The current state of the eHealth system in general is one that is expected from a decade long development with no real KPIs or SLAs in place. As is typical of a lot if similar projects, this is a Camel (a mouse engineered by a committee). With large amounts of money at stake, almost a $billion so far, and at least half that promised again, there will be VERY little internal pressure to fess up and declare "it's a mess". I am glad I stumbled upon this blog, having an interest in eHealth whilst holding something of a cynical attitude as to whether any government can actually supply a working result. I am also glad to see the discussion(s) here are back on planet. I try and try to explain that the current lofty goal for eHealth is to select a workable data interchange format and methods of checking the reliability of the data. I mention it here

ehealth.addinall.org

under business intelligence and ontologies. For many years I have felt that XML, which is the data encapsulated transport for HL7v3 started out as a good idea, then became big fat and complex. From the IT point of view, XML, CORBA, SOAP and large footprint, high complexity applications are almost dead. And good riddance. You can tell with a glance the projects hanging onto these types of architectures.

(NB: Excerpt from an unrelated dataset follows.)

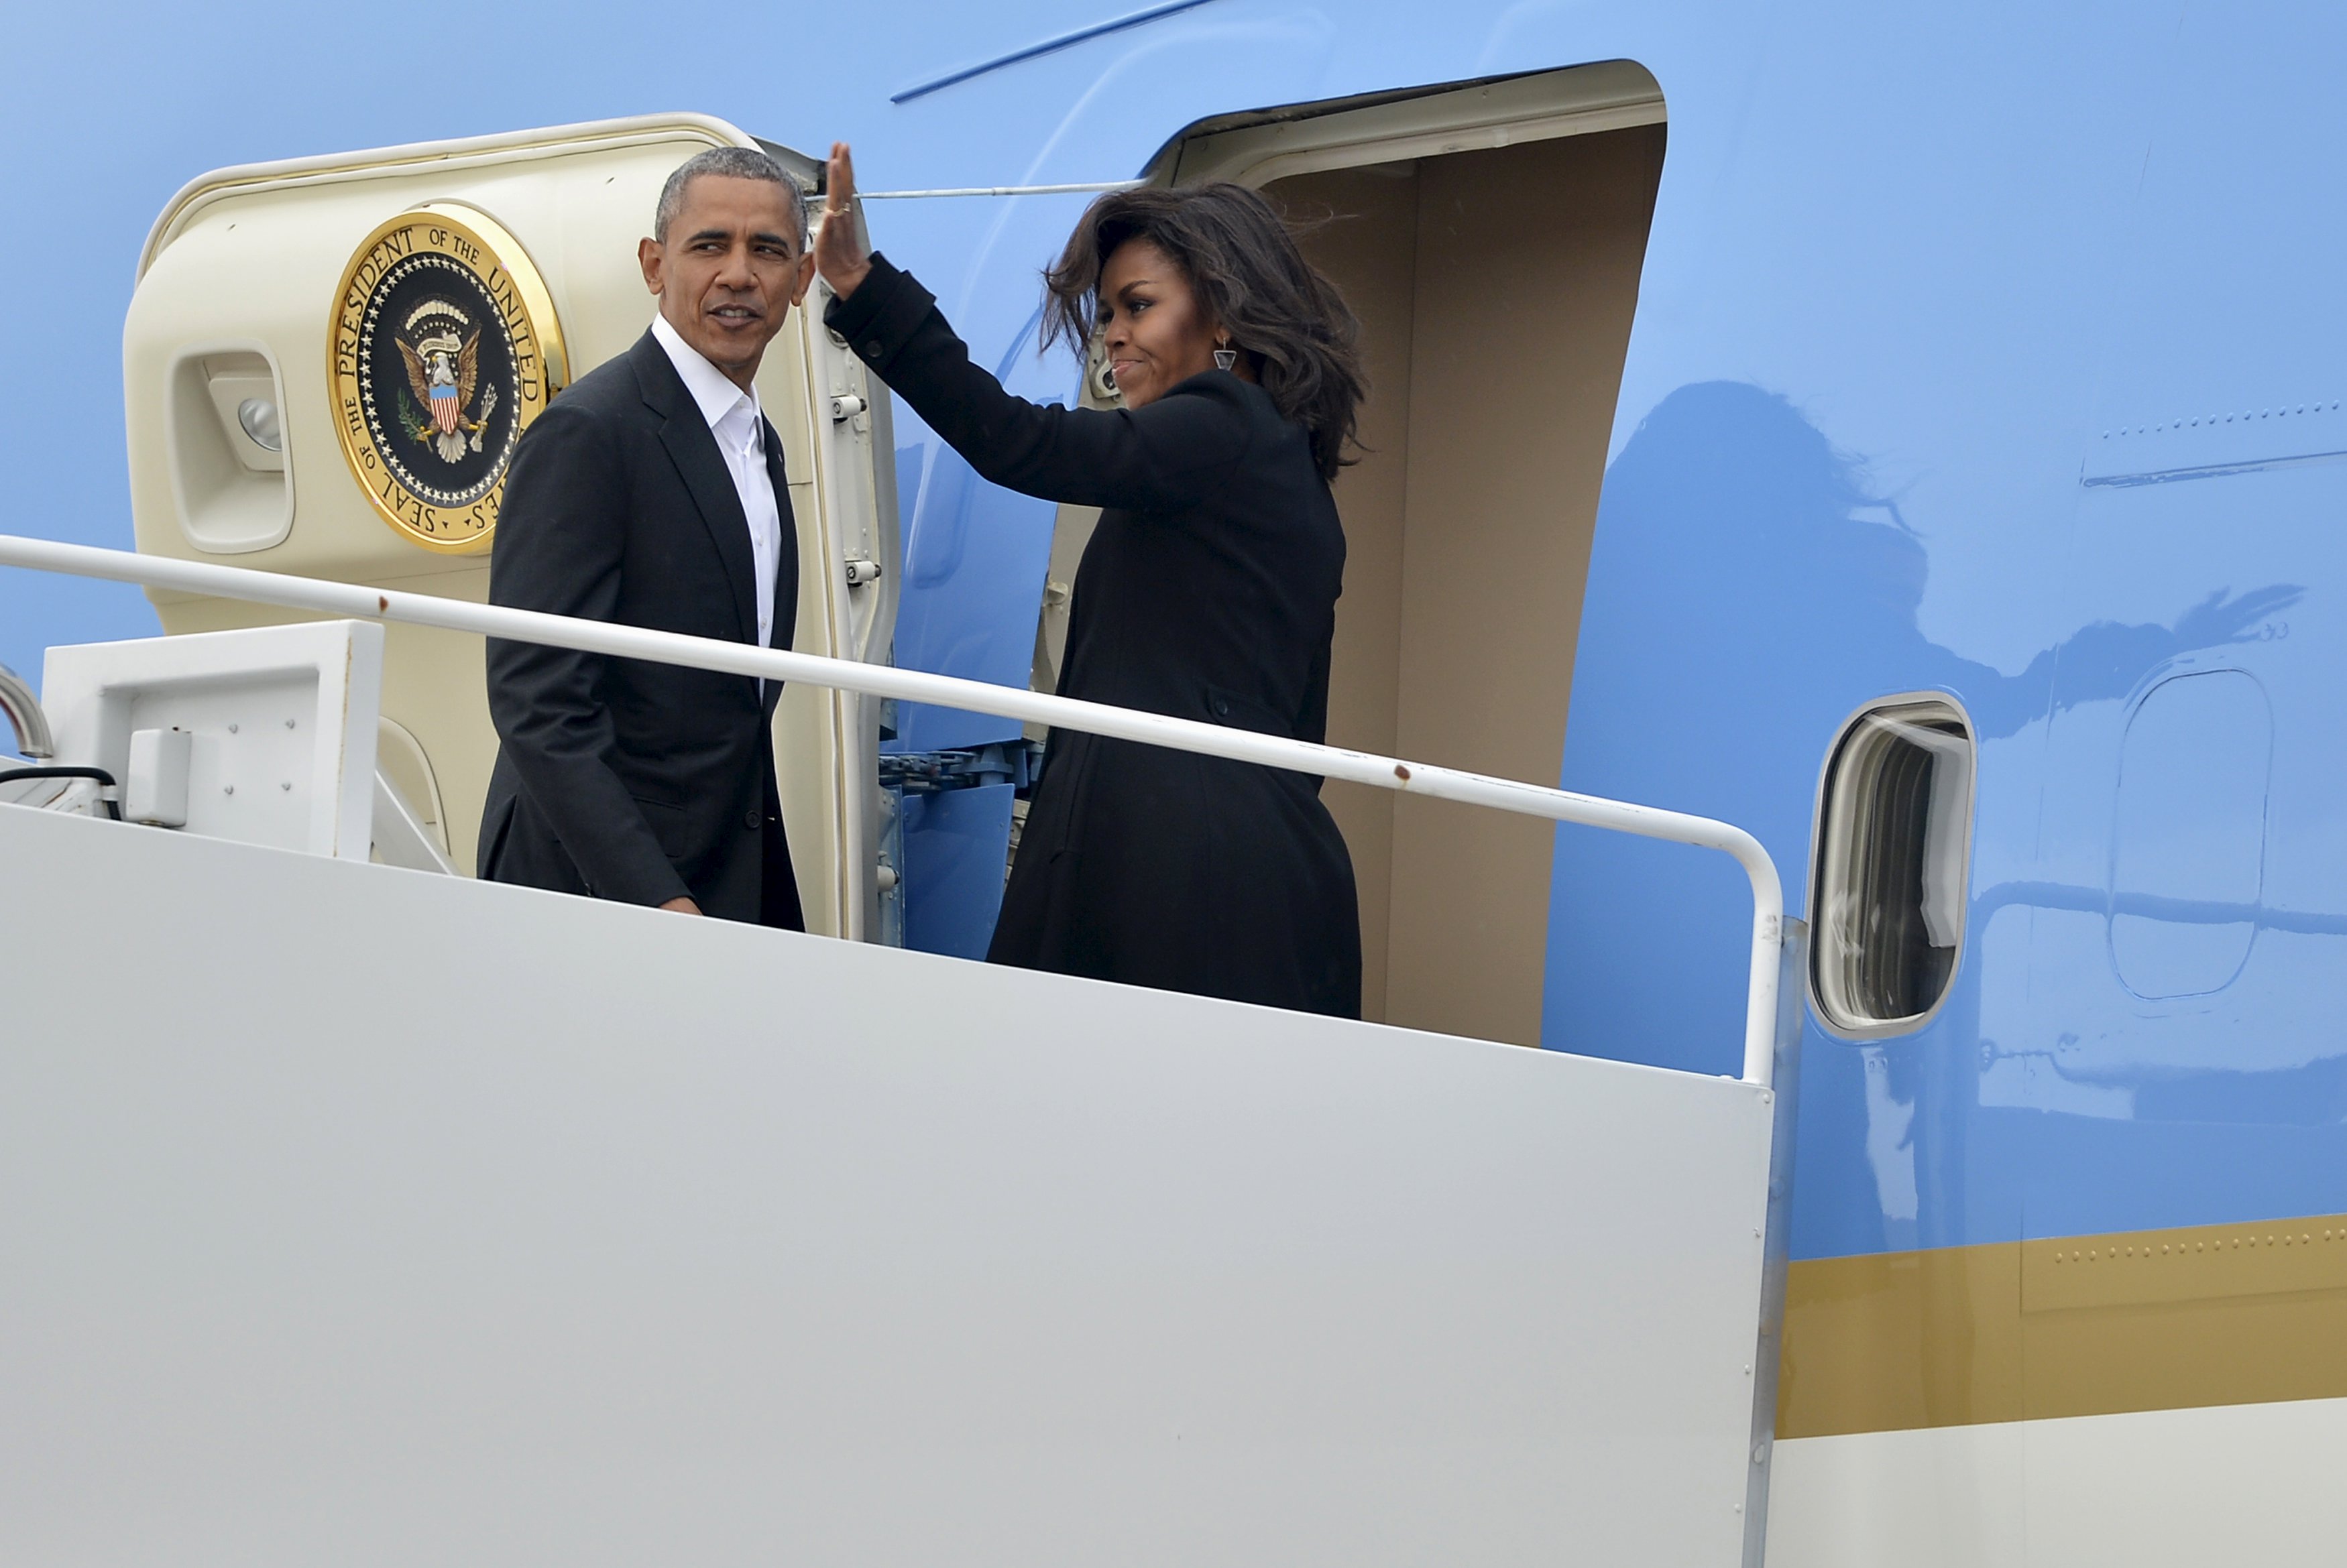 Obama heads for historic visit as Cuba rolls out red carpet

If we have spent so much money with little or no outcome, then it is time we throw what we have, sit down, and ACTUALLY specify what we want to achieve, both from a patients POV, needs and wants of the clinician and constraints, boundaries and opportunities presented by modern information technology.
I would argue that HL7v3 be halted in time and we design (using the solid parts of v3) HL7v4 based on a JSON data model. JSON ( JavaScript Object Notation) is a lightweight data-interchange format. It is easy for humans to read and write. It is easy for machines to parse and generate. It is based on a subset of the JavaScript Programming Language, Standard ECMA-262 3rd Edition - December 1999. JSON is a text format that is completely language independent but uses conventions that are familiar to programmers of the C-family of languages, including C, C++, C#, Java, JavaScript, Perl, Python, PL/SQL and many others. These properties make JSON an ideal data-interchange language. And the point made here, that the clinician is hidden away from what is in the spaghetti that is HL7 XML, can be resolved by using a simpler architecture. I rather doubt this will happen, given the contracts already in place, the money spent, and the ego involved, but it SHOULD happen.

I'll follow this blog with some interest.
Mark Addinall.

Paul Fitzgerald said...

Mark, your suggestions are FAR too sensible....it'll never work, more's the pity!
cheers,
Paul.

Addinall said...

Thanks Paul :-)
Shame eh?

Cheers,
Mark.

Anonymous said...

Mark,

The serialisation format of the data is mostly not important. That is, whether it is XML or JSON. It is the data itself that is important.

That health data is complex is underlying problem. The experts are still having problems trying to come up with a basis for representing the data.

Reducing the problems to XML vs JSON is not helpful.